Stored items:
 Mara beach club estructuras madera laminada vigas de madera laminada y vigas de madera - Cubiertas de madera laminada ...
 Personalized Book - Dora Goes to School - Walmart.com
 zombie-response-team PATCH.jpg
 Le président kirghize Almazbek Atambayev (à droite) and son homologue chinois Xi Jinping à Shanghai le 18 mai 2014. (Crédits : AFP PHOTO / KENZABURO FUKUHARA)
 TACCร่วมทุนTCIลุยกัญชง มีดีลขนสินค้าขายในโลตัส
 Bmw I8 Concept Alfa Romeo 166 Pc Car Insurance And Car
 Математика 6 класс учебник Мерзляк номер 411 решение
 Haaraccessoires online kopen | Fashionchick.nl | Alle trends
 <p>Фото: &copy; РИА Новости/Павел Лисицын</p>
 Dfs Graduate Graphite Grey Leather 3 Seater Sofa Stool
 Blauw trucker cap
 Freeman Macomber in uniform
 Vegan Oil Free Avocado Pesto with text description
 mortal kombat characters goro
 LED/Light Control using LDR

> [About this exercise] If a line falls between the first line of the entries and the line containing "Le président kirghize", or is one of those two, restate it word for word; leave all other lines out.

> [Result of this exercise]
 Mara beach club estructuras madera laminada vigas de madera laminada y vigas de madera - Cubiertas de madera laminada ...
 Personalized Book - Dora Goes to School - Walmart.com
 zombie-response-team PATCH.jpg
 Le président kirghize Almazbek Atambayev (à droite) and son homologue chinois Xi Jinping à Shanghai le 18 mai 2014. (Crédits : AFP PHOTO / KENZABURO FUKUHARA)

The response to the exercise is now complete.